Nel lungo post, Antonio Pinto ripercorre ogni singolo momento dei terribili giorni passati in Rianimazione.

“Il 12 ho un tracollo delle condizioni respiratorie e riesco a scrivere alla mia famiglia questo sms (che sinceramente allora pensavo ultimo): “Allora poiché sembro peggiorato, mi stanno per fare una rx ai polmoni. All’esito decideranno se portarmi in terapia intensiva. Non abbiate in ogni caso nessun timore. Io ho vissuto una vita stupenda e meravigliosa. La vita mi ha dato tutto. Ognuno di voi 5 è un dono immenso che basta da solo a riempire di senso una vita intera. Sia fatta sempre e solo la volontà di Dio. Il segreto della vita lo conoscete ormai. Per vivere felici dovete imparare a voler bene davvero a tutti quelli che ci stanno accanto, dalla famiglia, amici, colleghi, panettieri, fruttivendoli, ecc. Non abbiate mai paura. Gesù ci ha mostrato la via per affrontare qualsiasi dolore, oltre che le gioie. Vi amo ovviamente. Appena mi fanno rx e so esito vi dico ovviamente. A dopo”.

“A questo punto, ormai senza più ossigeno al mio interno, mi portano in rianimazione. Qui è iniziata l’esperienza unica di vivere 7 giorni di piena coscienza e lucidità, dove il corpo non esiste più, solo dolore, aghi, assenza di ossigeno interno, fili e macchinari attaccati dappertutto e l’anima da sola che deve reggere tutto, sapendo che puoi morire sempre. Si cambia, credo per sempre e credo in meglio. Ho visto i medici, gli infermieri e i sanitari della rianimazione: uomini e donne eccezionali che salvano ogni giorno vite e si buttano a capofitto su tutti”. Li ho visti fare turni umanamente impossibili, ogni paziente lo salvano anche 10 volte al giorno. Tolgono liquidi, aspirano i grumi, mettono sondini, intubano, estubano, mettono caschi per ossigeno, regolano e aggiustano le macchine e ci monitorano ogni momento, ma proprio ogni momento. Sono (minimo) due infermieri su 4 pazienti, oltre ai medici. Solo che sono a pezzi. Non riesco a capire come possano resistere. Mi hanno sempre spiegato tutto”.

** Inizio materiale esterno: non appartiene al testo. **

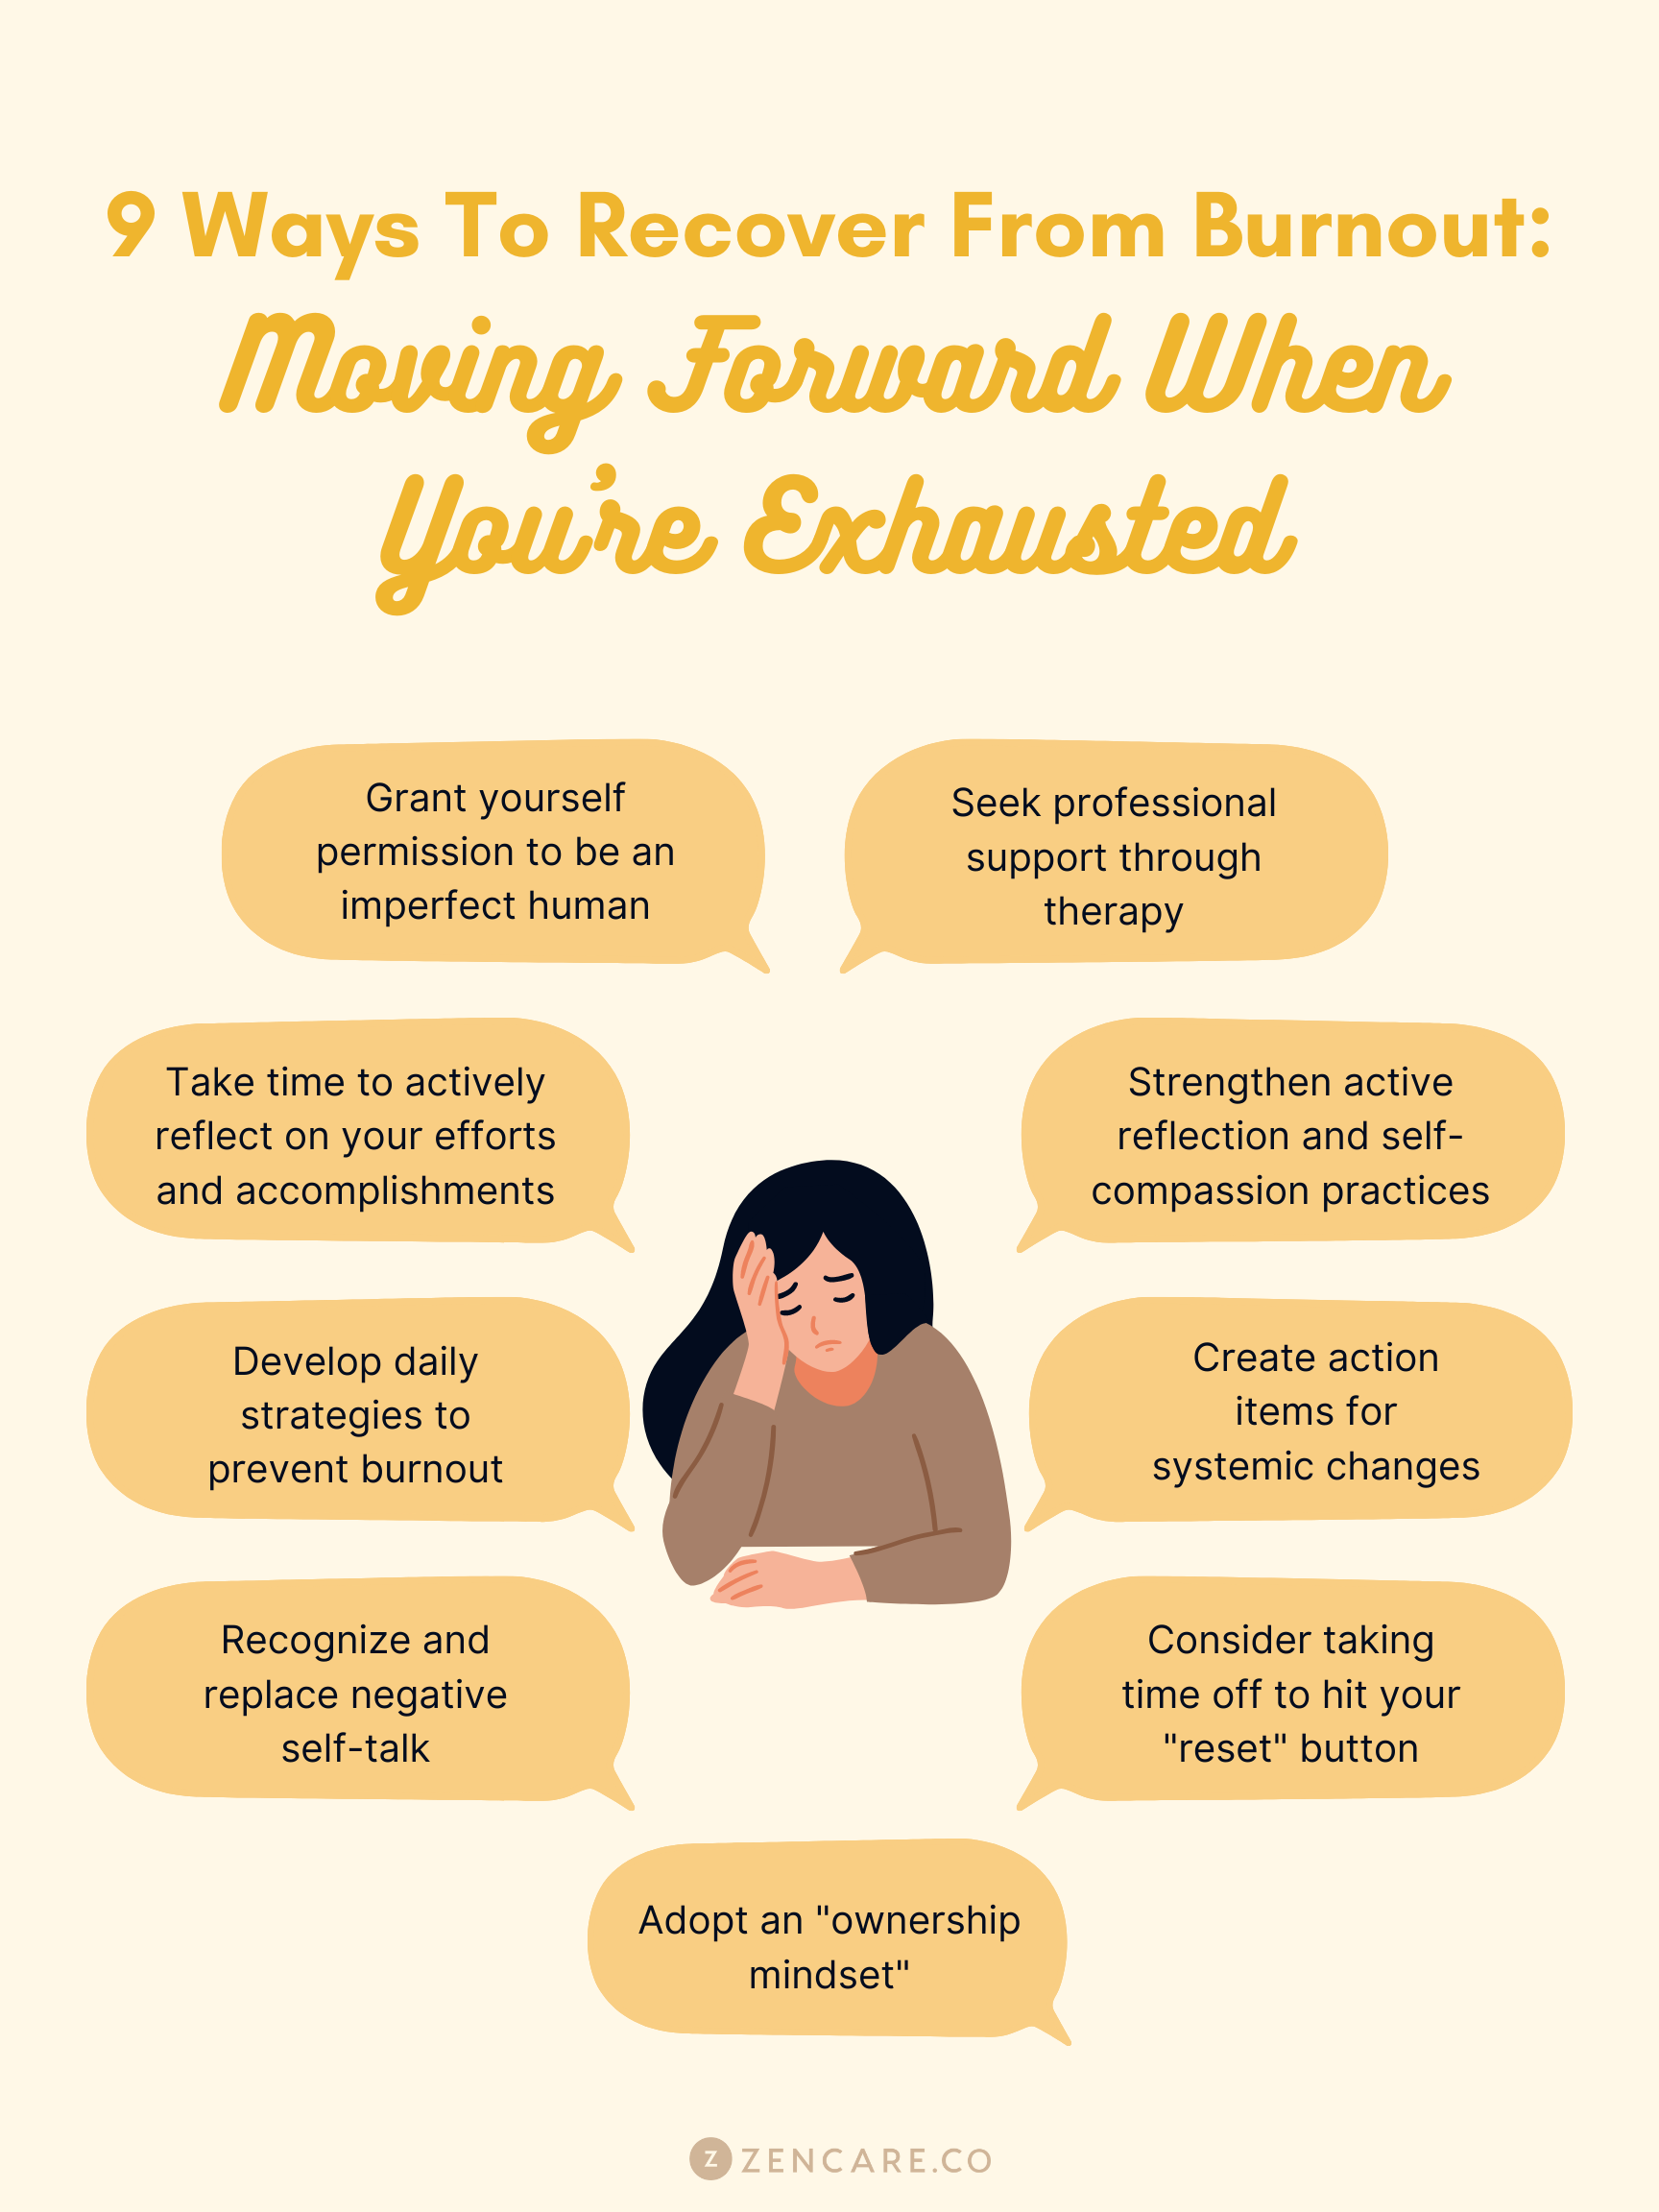 9 Ways To Recover From Burnout: Moving Forward When You're Exhausted Guide by Zencare
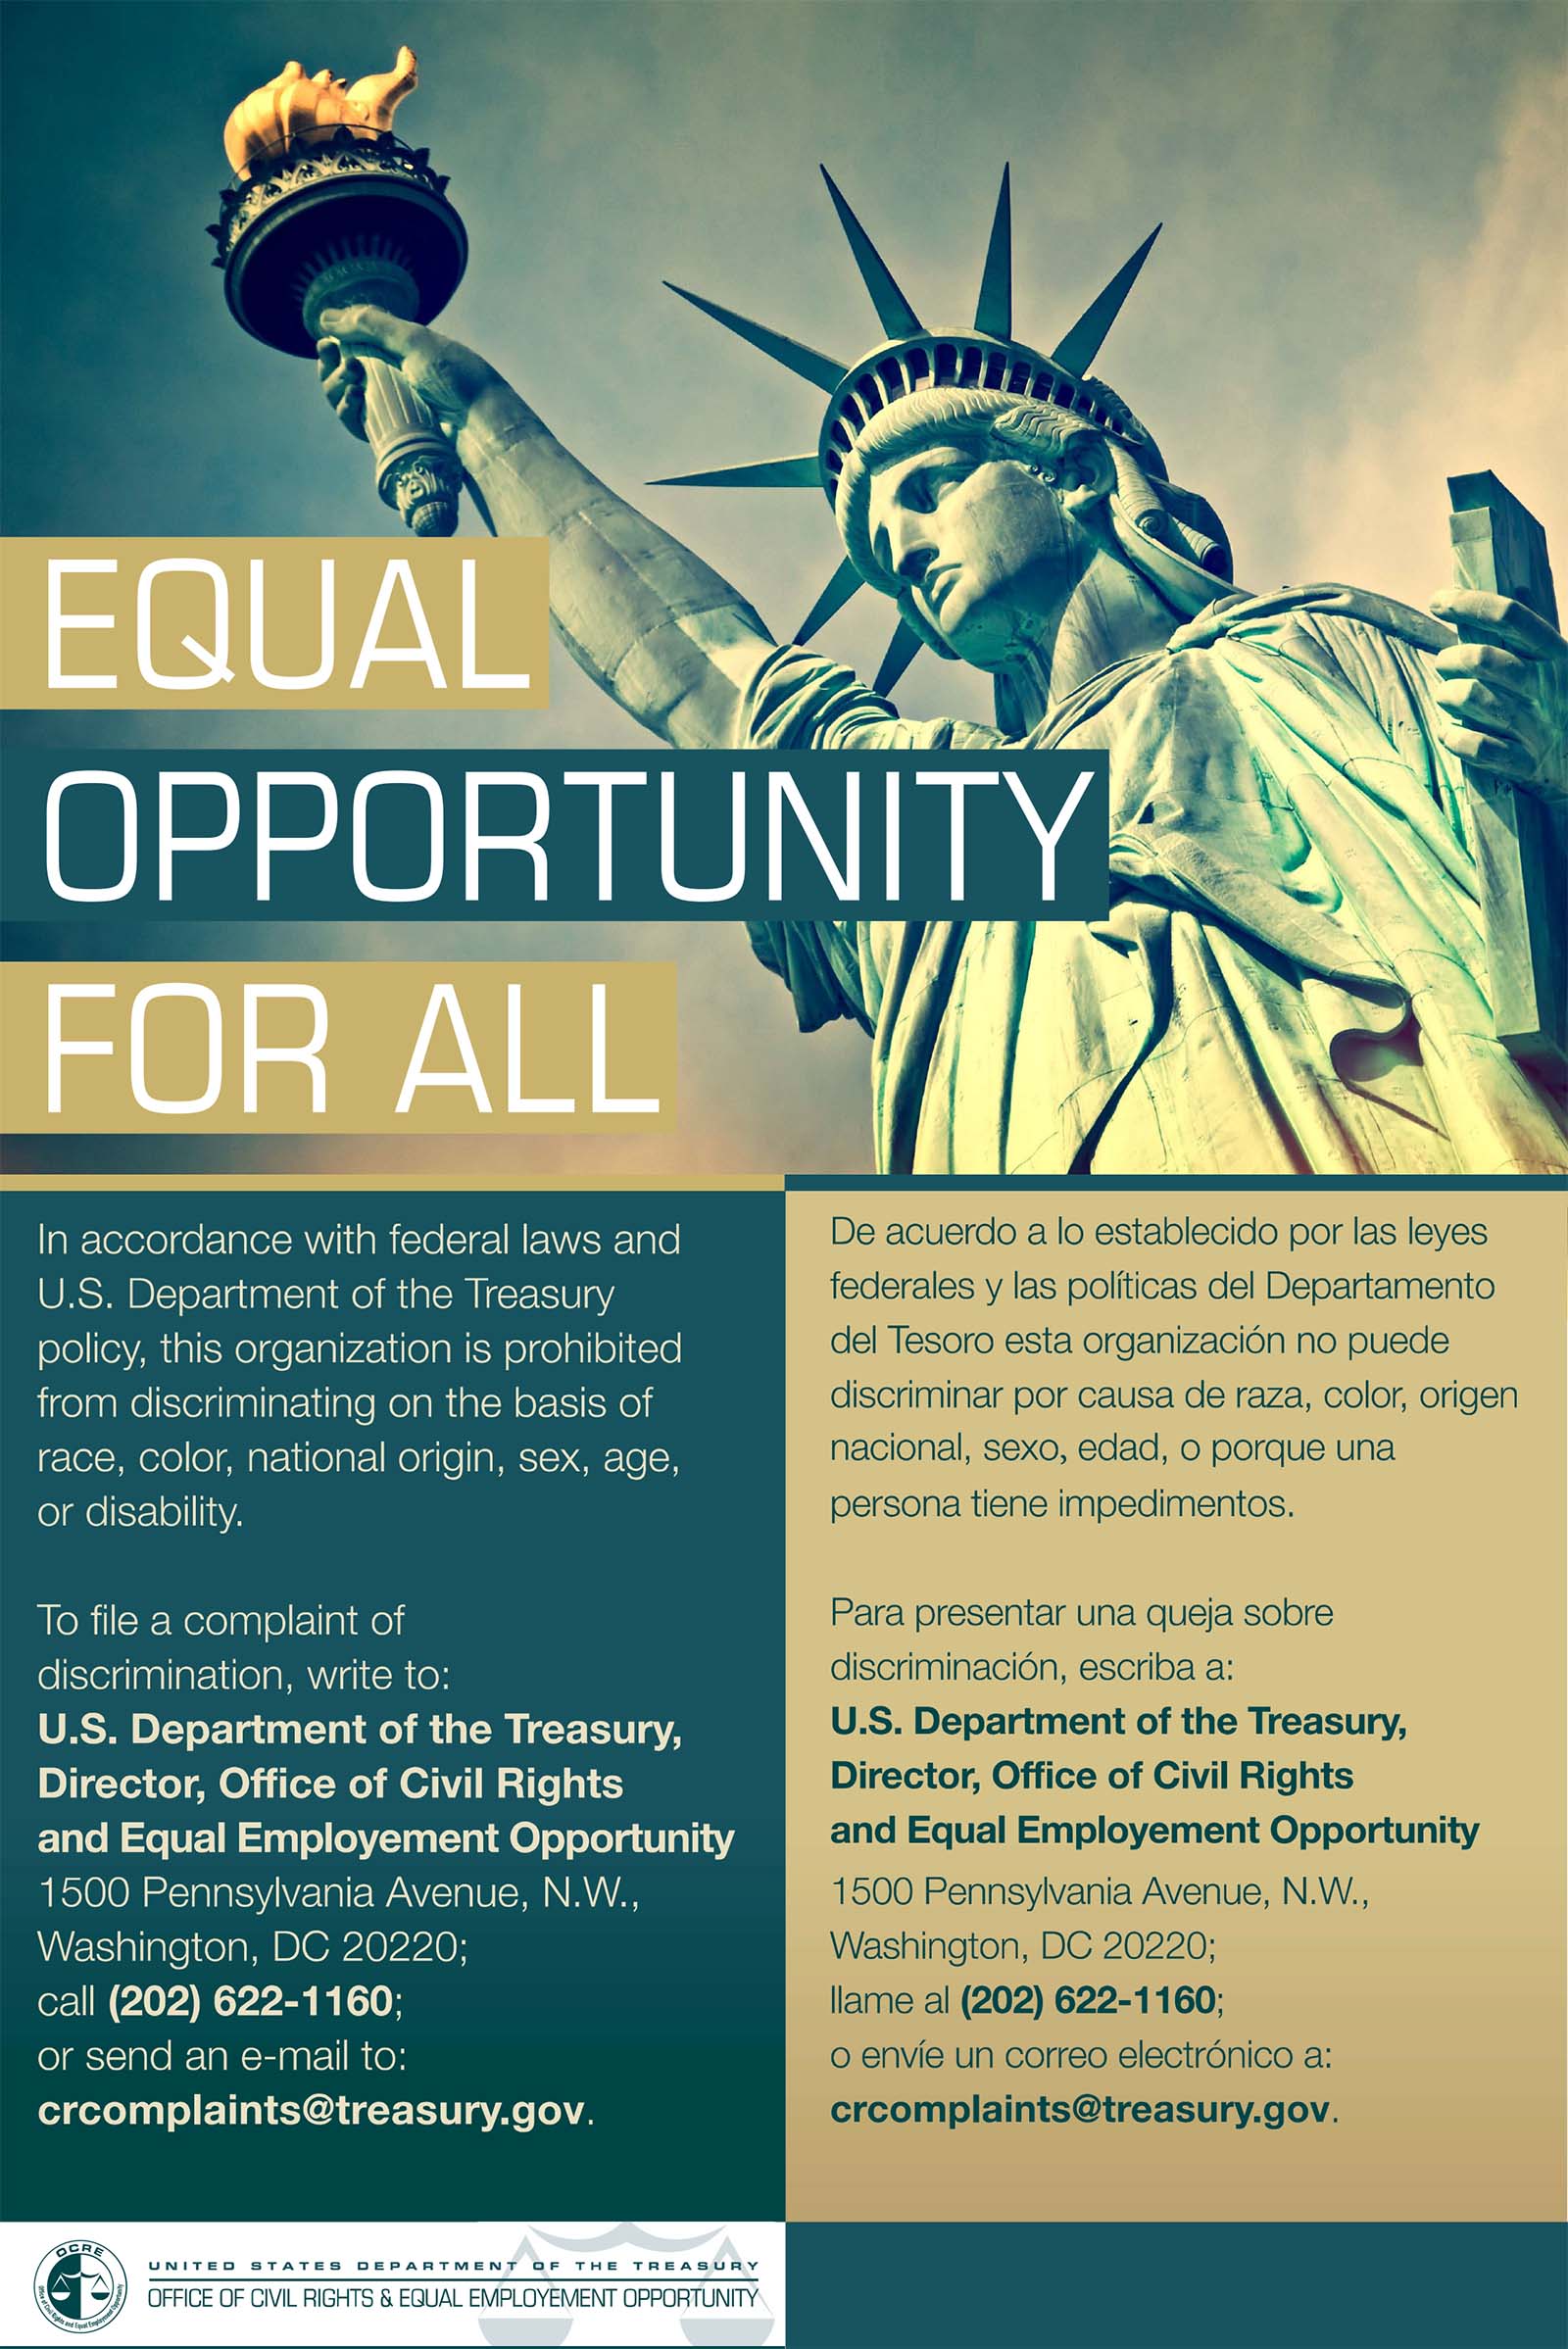 Equal Opportunity for All poster - full text provided next on page

“Solo io, solo in 7 giorni ho ricevuto oltre mille gesti di affetto (ma mille di numero vero, non a chiacchiere). Mi tagliavano a pezzettini il cibo per farmi deglutire senza strozzarmi. Mi coprivano, mi accarezzavano e basta quando sapevano che stavo proprio stremato. Mi facevano vedere la foto dei miei e dicevano “dai che ce la fai a tornare da loro”. Mi hanno fatto decine di esami ogni giorno. Mi hanno lavato ogni giorno. A me hanno salvato anche con la tecnica della pronazione e quando la mattina mi rigiravano qualche ora per darmi un po’ di “tregua”, perché ero al limite della sopportazione umana, il caposala mi portava il caffè, in quanto ero uno dei pochi pazienti svegli e coscienti. Ogni giorno lì dentro muore qualcuno, ma vi dico che muore con dignità da uomo e donna, solo grazie a loro. Quando me ne sono andato, i presenti hanno fatto capannello e mi davano il 5 mentre ero sulla barella e ovviamente piangevo. Uomini e donne che fanno onore al genere umano. Si muovono continuamente in un silenzio spettrale dove senti solo il rumore dei loro passi instancabili e i bip dei macchinari. Per loro è un disastro anche solo andare in bagno, perché sono bardati al 100 e lì dentro tutto deve essere asettico”.

“I nomi dei miei salvatori sono Antonio Civita, Sestilio De Letteris, Lidia Dalfino, Salvatore Grasso e tutti, ma proprio tutti, gli uomini e donne delle loro squadra eccezionale (mi scuso per non dire i nomi che però io ricordo insieme ai loro occhi). Immagino che se muori sul colpo non capisci cose che in 7 giorni capisci proprio perfettamente, limpidamente”.

“Puoi fare solo due cose che ti danno serenità: 1) pregare a ripetizione e rivedere il film del Vangelo dalla nascita di Gesù fino alla Risurrezione e passando per la passione e croce (mai capita così bene, perché collimante all’1% con quello che facevo io); 2) farsi passare davanti i volti e i momenti passati con tutte le persone a cui tieni e che hanno riempito la tua vita. Non sai se potrai continuare a partecipare alle loro vite, ma intanto li pensi ancora un po’ e ti cresce dentro ancora più amore per loro. Adesso sono giusto un po’ a pezzi (solo fisicamente) non riesco a parlare per più di 5 minuti, e rimarrò ricoverato in reparto normale. Il peggio è però ampiamente alle spalle. Gesù e i sanitari tutti della rianimazione mi hanno regalato un “secondo tempo” della mia vita. Io posso solo cercare di usarlo bene e meglio del primo”.